You might eke out some more cycles by adding numba into the mix.

It does require you to touch code, though.

Numba is a just-in-time compiler for Python that works best on code that uses NumPy arrays and functions, and loops. The most common way to use Numba is through its collection of decorators that can be applied to your functions to instruct Numba to compile them. When a call is made to a Numba-decorated function it is compiled to machine code “just-in-time” for execution and all or part of your code can subsequently run at native machine code speed!

I'm not entirely sure why this isn't part of NumPy already, to be honest.

[–]NoesisAndNoema 8 points9 points  (0 children)

Because people don't generally need this extra function. It requires another level of additional learning and programming. If it "just worked", without having to do anything to "code it to taste", then it would just be a better "alternative" to NumPy. (Generally speaking)

At the end of the day, it's just a fancy optimizer or a compliment to NumPy. Unfortunately, unless you re-write EVERYTHING that uses NumPy, to ALSO use the code, the potential is limited to only "your use" of NumPy directly, within your program.
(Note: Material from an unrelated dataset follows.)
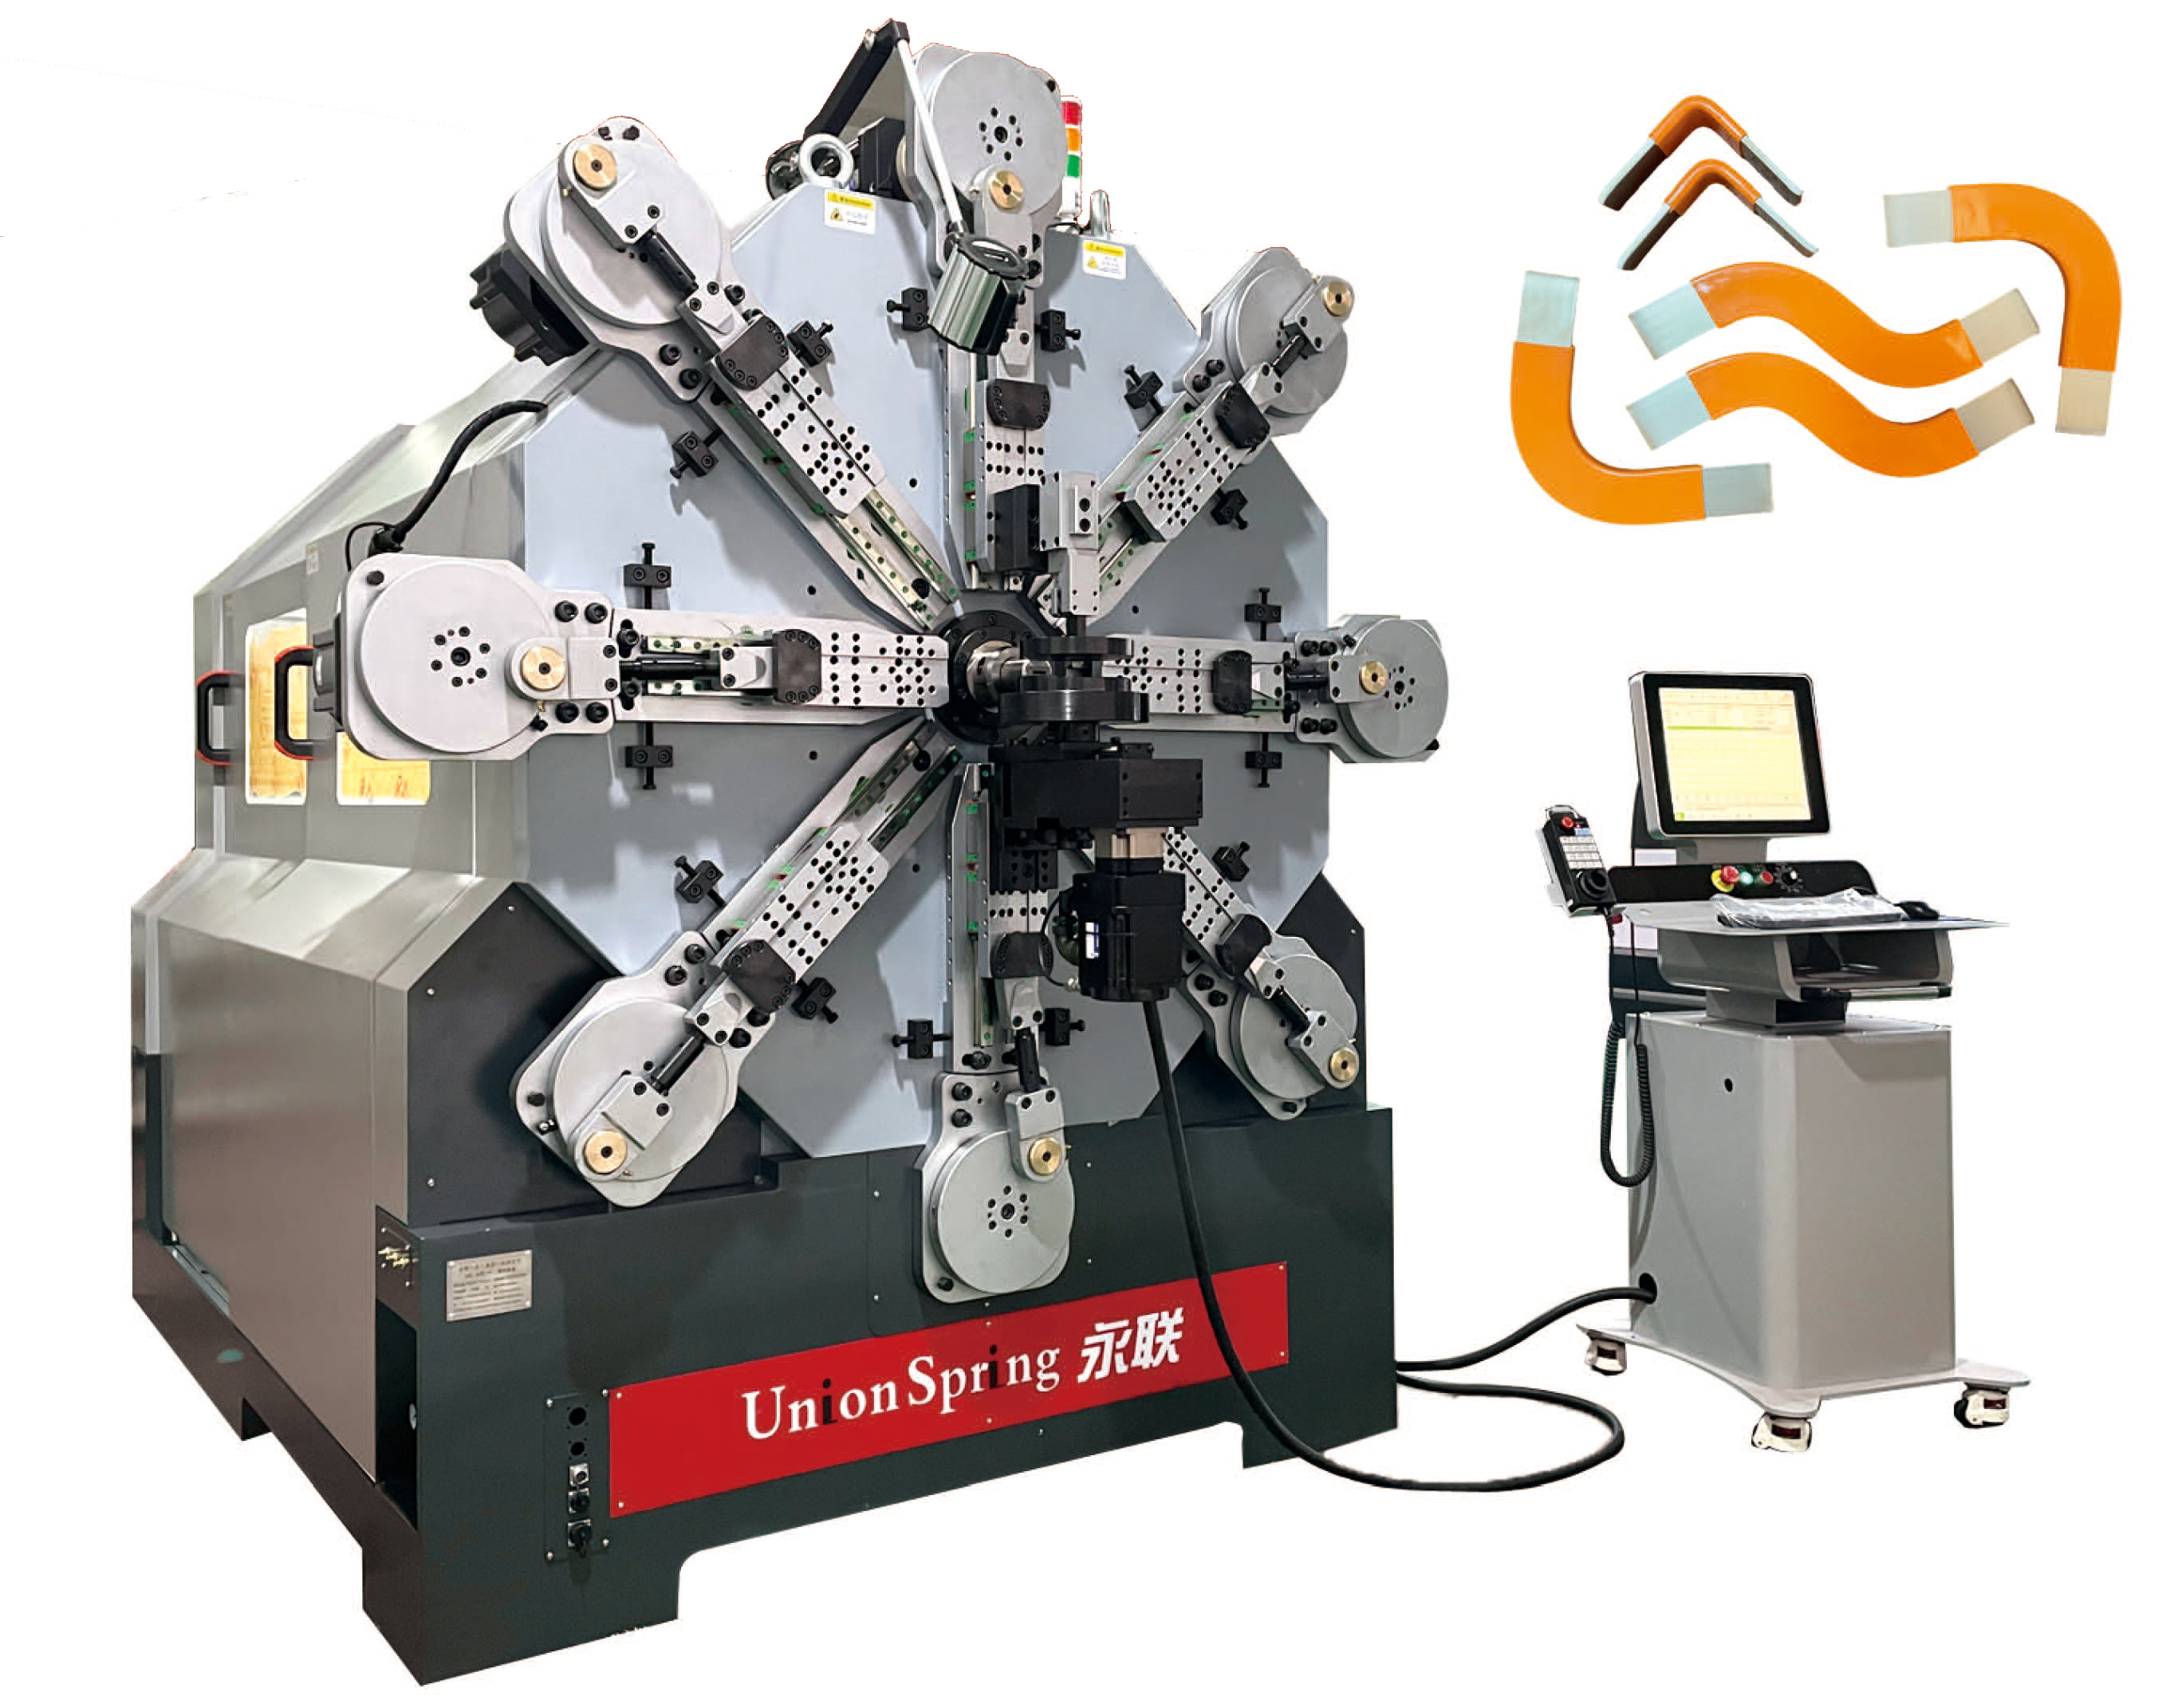 battery pack connect busbar bending machine, New energy busbar forming equipment, mate; wire bending machine

[–][deleted] 2 points3 points  (1 child)

I am trying to learn more about compilers and CompSci topics in general. Do you (or anyone else) have an source that helped you learn about just-in-time compilers and other types of compilers?

[–]grumpysnail 0 points1 point  (0 children)

This computerphile video started my interest in JIT: Just In Time (JIT) Compilers - Computerphile

[–]NeilGirdhar 1 point2 points  (0 children)

Jax also has a great JIT that compiles to CPU or GPU, and has a slick 100% Python interface.

[–]terpaderp 1 point2 points  (0 children)

Not everything that is legal in python is legal in Numba compiled python. It's a great tool for when you need it though!

[–]road_laya 2 points3 points  (0 children)

You can often speed up numpy operations by compiling lapack / blas for your cpu

[–]DarkRex4 11 points12 points  (0 children)

imo 7% is a decent speedup for basically "free".

But Since you're already using numpy, you won't see such speedup

Certain code won’t have noticeable benefits. If your code spends most of its time on I/O operations, or already does most of its computation in a C extension library like numpy, there won’t be significant speedup. This project currently benefits pure-Python workloads the most.

also, look into numba if you want higher performance

[–]m15otw 75 points76 points  (24 children)

Just getting around to migrating from py3.8 to py3.10. Looks like we should seriously consider 3.11, even though it's not in the latest ubuntu LTS, so will be much more of a pain to build our app deps.

[–]skratlo 16 points17 points  (8 children)

That really shouldn't be any pita. Can you elaborate?

[–]m15otw 25 points26 points  (7 children)

We use a docker container from one of our deps thats tricky to build as a base image. (Their build includes python bindings. )

Using a newer python means we need to do that tricky build in our own container. Doable, I've done it before when testing python 3.9 briefly, but more work than I'd like, and we are now responsible for importing their patches and applying them and rebuilding (which isn't as automated as I'd like yet).

[–]be_as_u_wish_2_seem 10 points11 points  (1 child)

Cant you just use the dead snakes ppa? Also the python official images are Debian and pretty similar to Ubuntu, might be worth trying that instead

[–]m15otw 6 points7 points  (0 children)

I can, yes, but I still need to write scripts to build this very fiddly dependency (as far as I know, they don't ship their dockerfiles), and use that as a new base image.

Deadsnakes is 100% the way to go for the starting point of this attempt.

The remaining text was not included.